Recently, Zhang Kai’s team made new progress in the field of oil and gas engineering knowledge intelligence and large-model intelligent agent applications. The research results were published in Drilling and Production Technology, with the paper titled “Construction and Application of a Large-Model Intelligent Agent for Knowledge Extraction, Integration, and Generation in the Oil and Gas Domain.”
Innovation: Existing applications of large models in the oil and gas domain mainly focus on data retrieval, knowledge question answering, and general text generation. However, engineering tasks such as downhole operation design involve the correlation of multi-source data, professional parameter constraints, and standardized process control. Relying solely on general-purpose large models makes it difficult to ensure the accuracy and consistency of generated results. To address these issues, this study integrates knowledge extraction, knowledge graphs, RAG/GraphRAG, and intelligent agent technologies, and proposes a large-model intelligent agent construction method for knowledge extraction, integration, and generation in oil and gas engineering. The method transforms multi-source information, such as well history data, operation documents, production dynamics, and technical standards, into a retrievable and inferable domain knowledge base. It then uses intelligent agents to complete data retrieval, design generation, parameter verification, and result optimization. The results show that this method can effectively improve the preparation efficiency, section completeness, and key-parameter consistency of the three-part pump-inspection operation design, demonstrating good application performance in intelligent oil and gas engineering design.
Abstract: As oil and gas exploration and development continue to move toward deeper formations, unconventional resources, and complex operating conditions, well engineering practices face higher requirements for knowledge acquisition efficiency, decision timeliness, and compliance. Traditional approaches that rely on manual document review and experience transfer are increasingly inadequate for rapid responses in knowledge-intensive tasks. To address the multi-source heterogeneity, complex structure, and frequent updates of oil and gas engineering documents, this study proposes a large-model-based agent construction scheme that integrates knowledge extraction, knowledge integration, and knowledge generation. At the data layer, the system consolidates well history records, operation documents, and production dynamics. At the knowledge engineering layer, it builds an oil and gas engineering knowledge graph and a semantic vector store through entity-relation-event extraction, multi-source alignment, and quality governance. At the knowledge-augmented generation layer, RAG and GraphRAG are combined to explicitly inject domain knowledge into the reasoning and generation process of the large language model. At the agent and application layer, memory, planning, and tool-calling mechanisms are used to package knowledge capabilities into executable workflows for specific tasks. Using rod-pumped well pump-pulling operation design as a case study, an integrated agent system covering geological design, engineering design, and construction design was developed and piloted. Results show that, without altering the existing technical management framework, the proposed approach significantly shortens the turnaround time for the three-part design, improves document section completeness and key-parameter consistency, and achieves high subjective satisfaction among engineers, demonstrating the feasibility and practical value of integrated extraction-integration-generation LLM agents in oil and gas engineering applications.

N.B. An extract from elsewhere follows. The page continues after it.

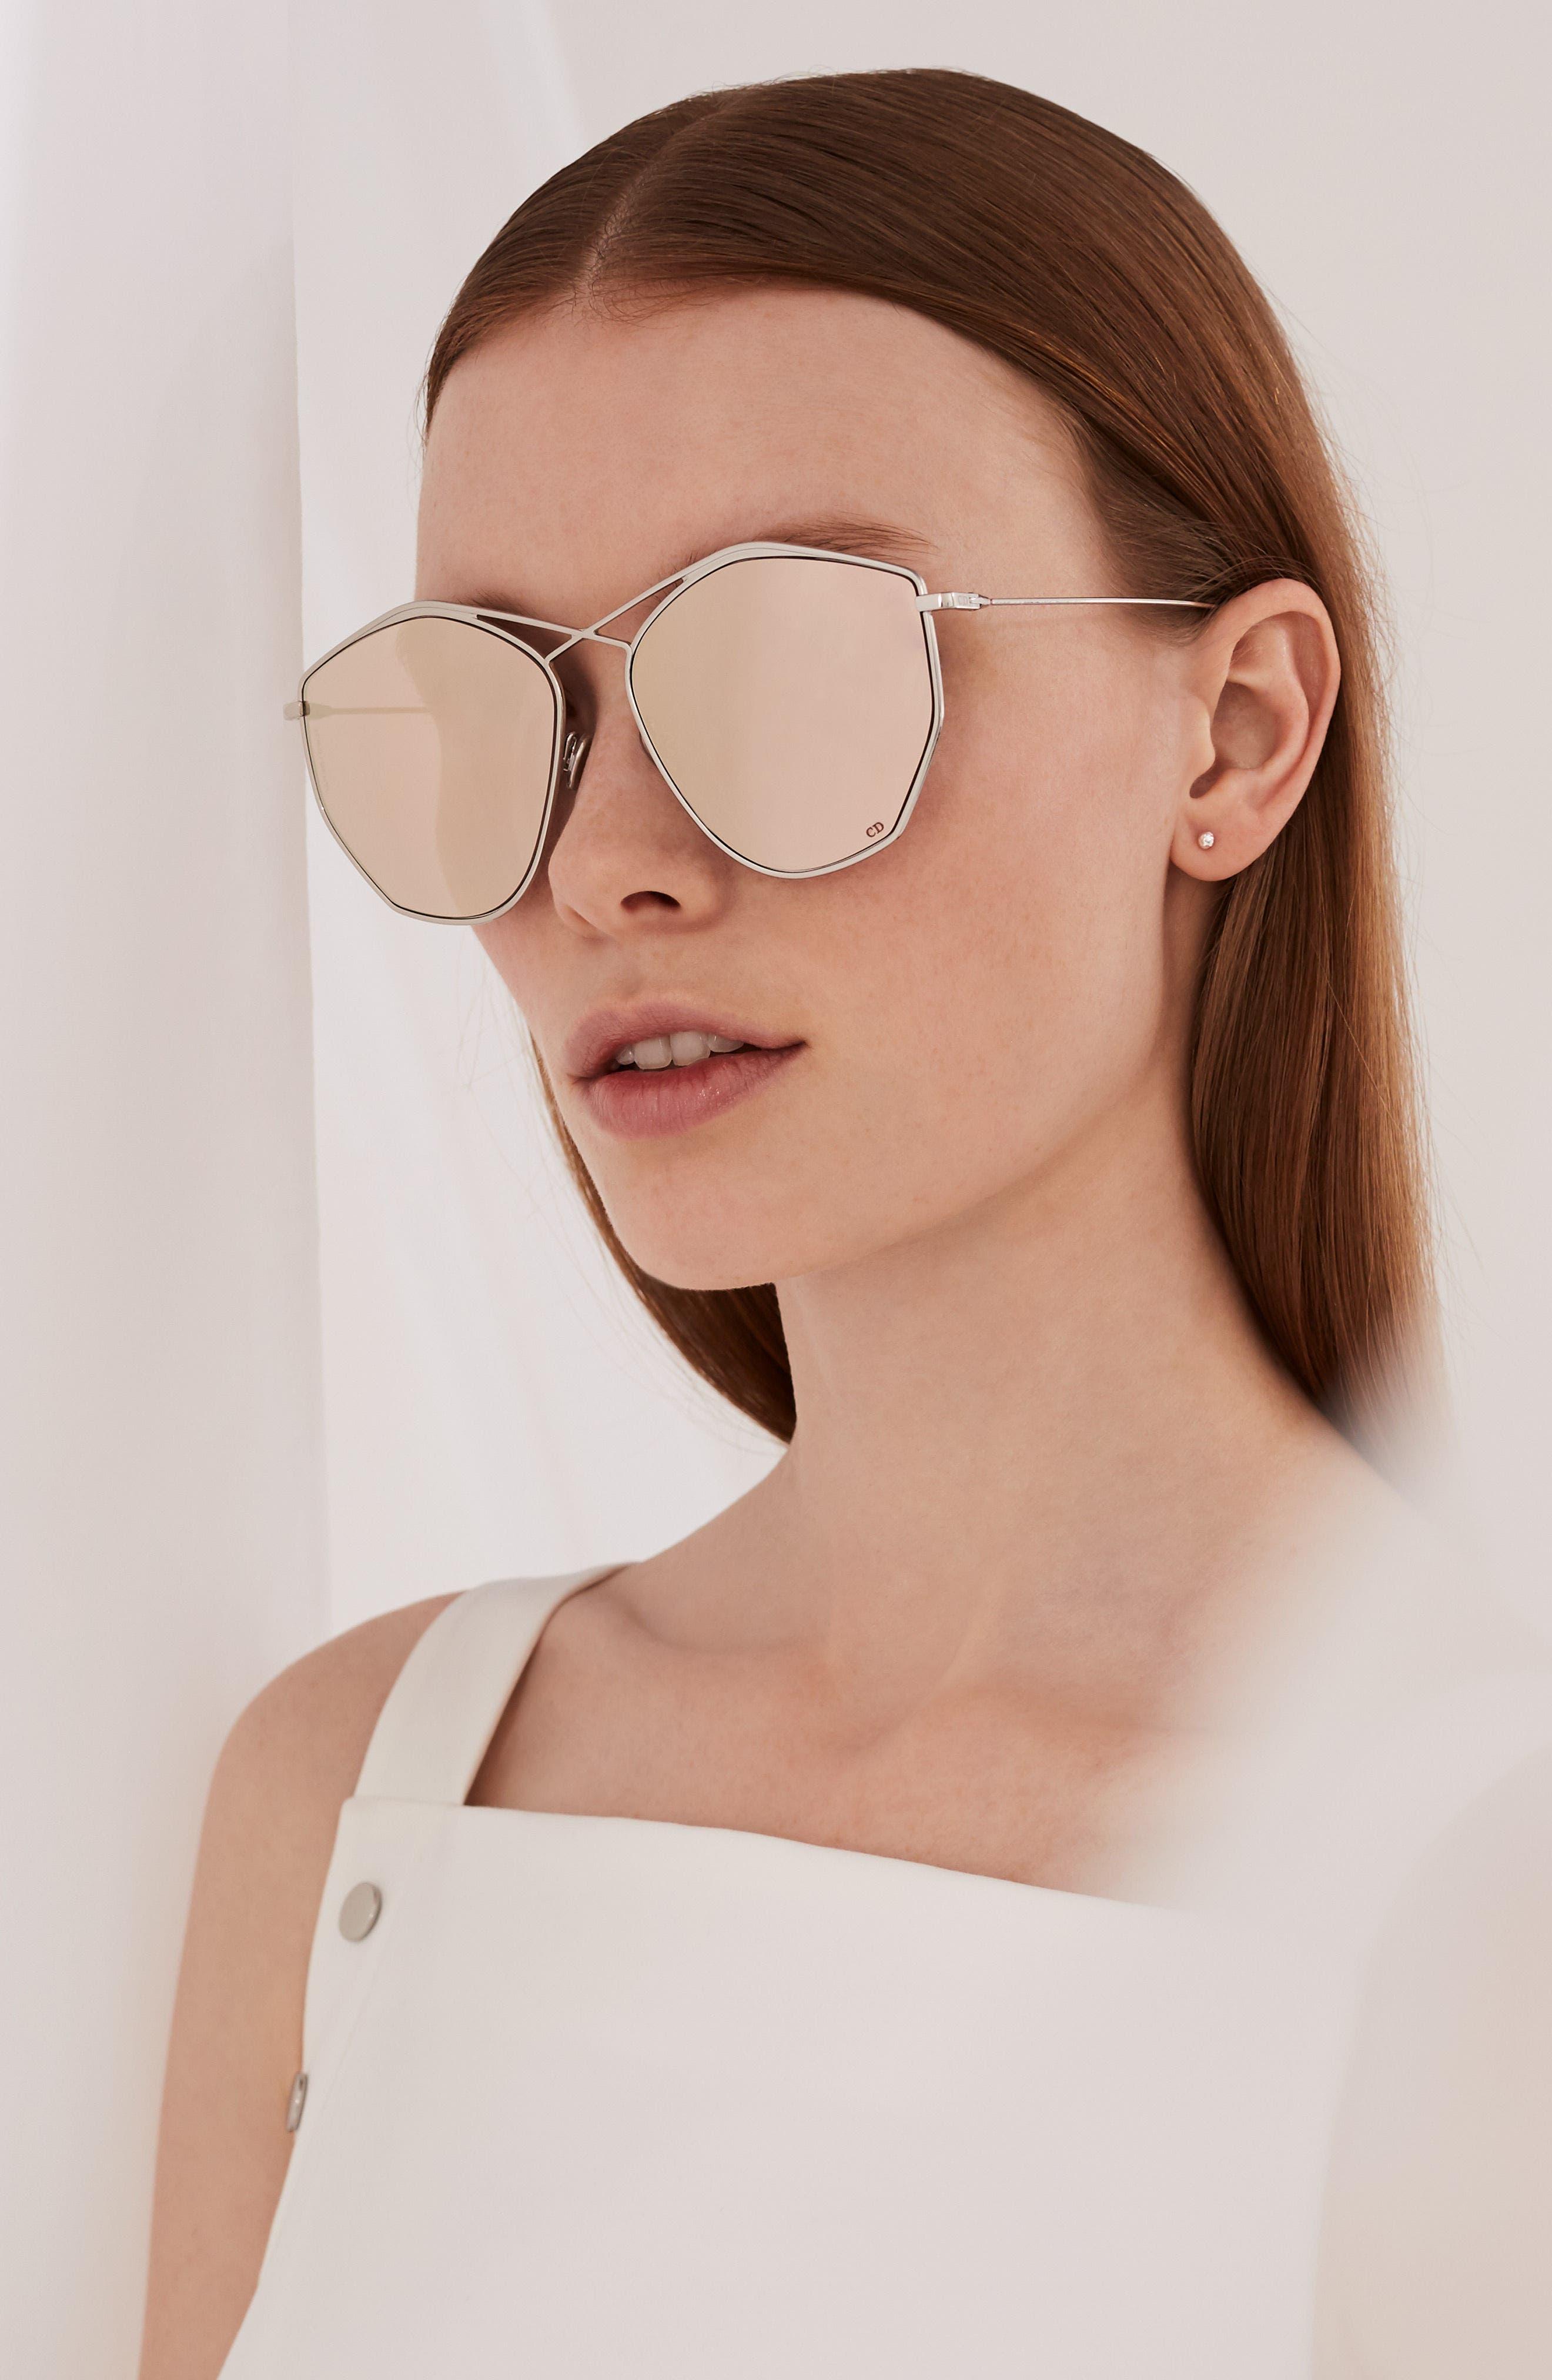 59mm Metal Sunglasses,                             Alternate thumbnail 4, color,                             LIGHT GOLD

Drilling and Production Technology covers the fields of oil and gas drilling, completion, oil and gas production, workover, stimulation, oilfield chemistry, drilling and production equipment, and production management, including drilling technology, production technology, workover technology, oil and gas field development, oil and gas production engineering, drilling and production machinery, oilfield chemistry, reservoir stimulation, downhole operations, production performance analysis, intelligent oilfields, oil and gas artificial intelligence, and special robotics. Founded in 1978, the journal has the Chinese standard serial number CN 51-1177/TE and the international standard serial number ISSN 1006-768X. It is a bimonthly journal and an important scientific and technical journal in the field of oil and gas drilling and production engineering in China. The journal is included in A Guide to the Core Journals of China compiled by Peking University and is recognized as a Chinese core journal. According to the journal statistics page of Wanfang Data, Drilling and Production Technology has a CSTPCD impact factor of 2.221 and an average citation rate of 8.72 per article. It has strong industry influence in technical exchange and achievement promotion in oil and gas drilling and production engineering.
Paper link:
https://doi.org/10.3969/j.issn.1006-768X.2026.01.03
Citation:
Zhang K, Zhang B B, Zhang L M, et al. Construction and Application of a Large-Model Intelligent Agent for Knowledge Extraction, Integration, and Generation in the Oil and Gas Domain[J]. Drilling and Production Technology, 2026, 49(1): 24-34.